Immediately, we’re releasing the secure model of Gemini 2.5 Flash-Lite, our quickest and lowest value ($0.10 enter per 1M, $0.40 output per 1M) mannequin within the Gemini 2.5 mannequin household. We constructed 2.5 Flash-Lite to push the frontier of intelligence per greenback, with native reasoning capabilities that may be optionally toggled on for extra demanding use circumstances. Constructing on the momentum of two.5 Professional and a pair of.5 Flash, this mannequin rounds out our set of two.5 fashions which can be prepared for scaled manufacturing use.
Our most cost-efficient and quickest 2.5 mannequin but
Gemini 2.5 Flash-Lite strikes a steadiness between efficiency and price, with out compromising on high quality, significantly for latency-sensitive duties like translation and classification.
Right here’s what makes it stand out:
- Greatest in-class pace: Gemini 2.5 Flash-Lite has decrease latency than each 2.0 Flash-Lite and a pair of.0 Flash on a broad pattern of prompts.
- Value-efficiency: It’s our lowest-cost 2.5 mannequin but, priced at $0.10 / 1M enter tokens and $0.40 output tokens, permitting you to deal with giant volumes of requests affordably. We’ve additionally decreased audio enter pricing by 40% from the preview launch.
- Sensible and small: It demonstrates all-around larger high quality than 2.0 Flash-Lite throughout a variety of benchmarks, together with coding, math, science, reasoning, and multimodal understanding.
- Absolutely featured: If you construct with 2.5 Flash-Lite, you get entry to a 1 million-token context window, controllable considering budgets, and help for native instruments like Grounding with Google Search, Code Execution, and URL Context.
Gemini 2.5 Flash-Lite in motion
Because the launch of two.5 Flash-Lite, we’ve got already seen some extremely profitable deployments, listed here are a few of our favorites:
- Satlyt is constructing a decentralized area computing platform that may remodel how satellite tv for pc knowledge is processed and utilized for real-time summarization of in-orbit telemetry, autonomous activity administration, and satellite-to-satellite communication parsing. 2.5 Flash-Lite’s pace has enabled a forty five% discount in latency for important onboard diagnostics and a 30% lower in energy consumption in comparison with their baseline fashions.
- HeyGen makes use of AI to create avatars for video content material and leverages Gemini 2.5 Flash-Lite to automate video planning, analyze and optimize content material, and translate movies into over 180 languages. This enables them to offer world, customized experiences for his or her customers.

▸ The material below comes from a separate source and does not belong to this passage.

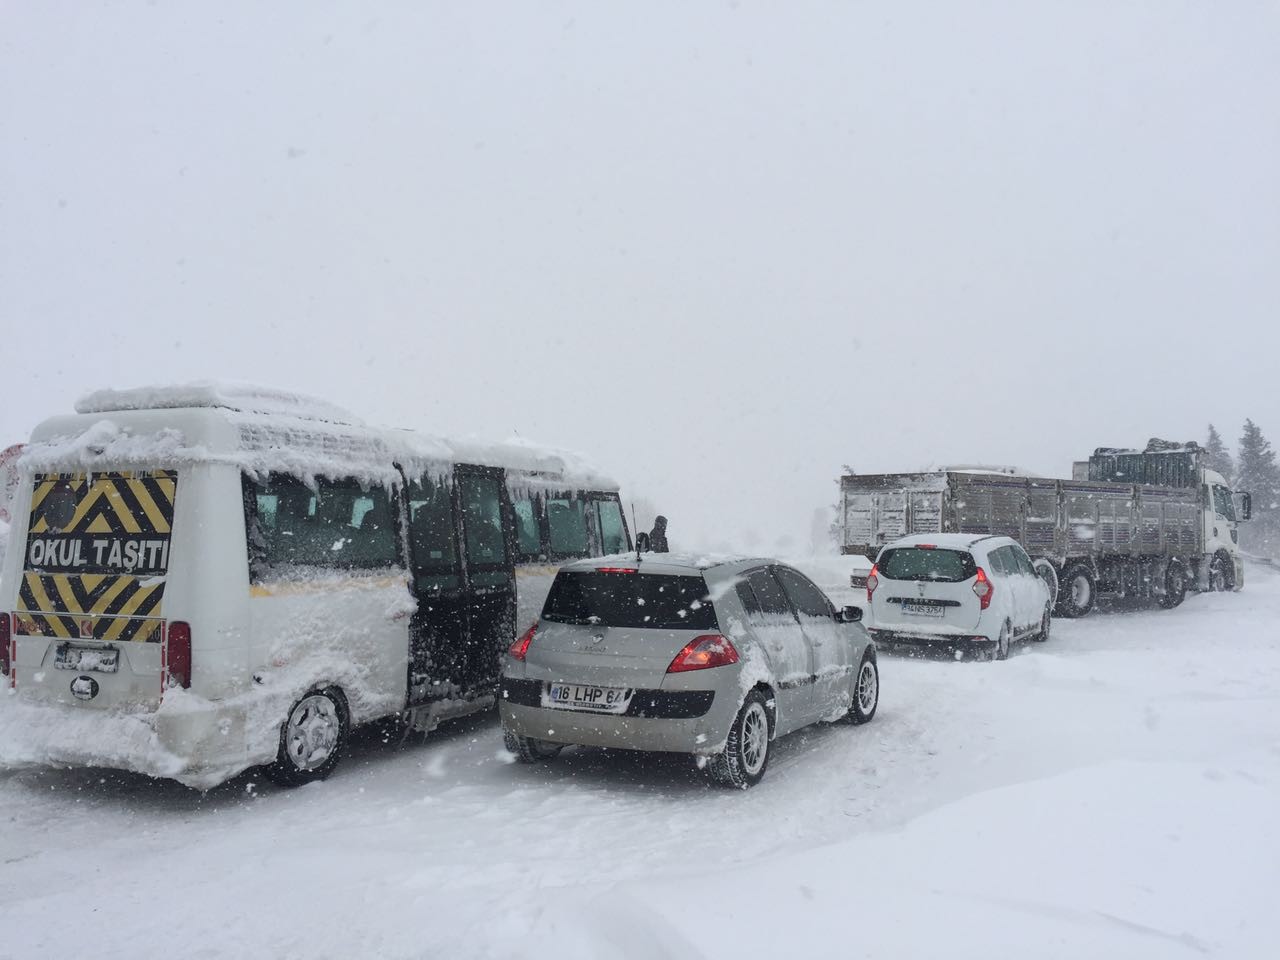 Yoğun kar yağışı ülkenin çoğu kesiminde ulaşımda olumsuzluğa yol açıyor. Bolu Ankara karayolunda kar nedeniyle ulaşım 1 saat durdu. Karayolları aracı kara saplanırken, uzun araç kuyrukları oluştu. Bursa-İzmir yolu ise 4.5 saattir kapalı durumda ve araç konvoyu 40 kilometreye ulaştı.

- DocsHound turns product demos into documentation by utilizing Gemini 2.5 Flash-Lite to course of lengthy movies and extract hundreds of screenshots with low latency. This transforms footage into complete documentation and coaching knowledge for AI brokers a lot quicker than conventional strategies.
- Evertune helps manufacturers perceive how they’re represented throughout AI fashions. Gemini 2.5 Flash-Lite is a game-changer for them, dramatically dashing up evaluation and report era. Its quick efficiency permits them to shortly scan and synthesize giant volumes of mannequin output to offer purchasers with dynamic, well timed insights.
You can begin utilizing 2.5 Flash-Lite by specifying “gemini-2.5-flash-lite” in your code. In case you are utilizing the preview model, you’ll be able to swap to “gemini-2.5-flash-lite” which is identical underlying mannequin. We plan to take away the preview alias of Flash-Lite on August twenty fifth.
Prepared to begin constructing? Strive the secure model of Gemini 2.5 Flash-Lite now in Google AI Studio and Vertex AI.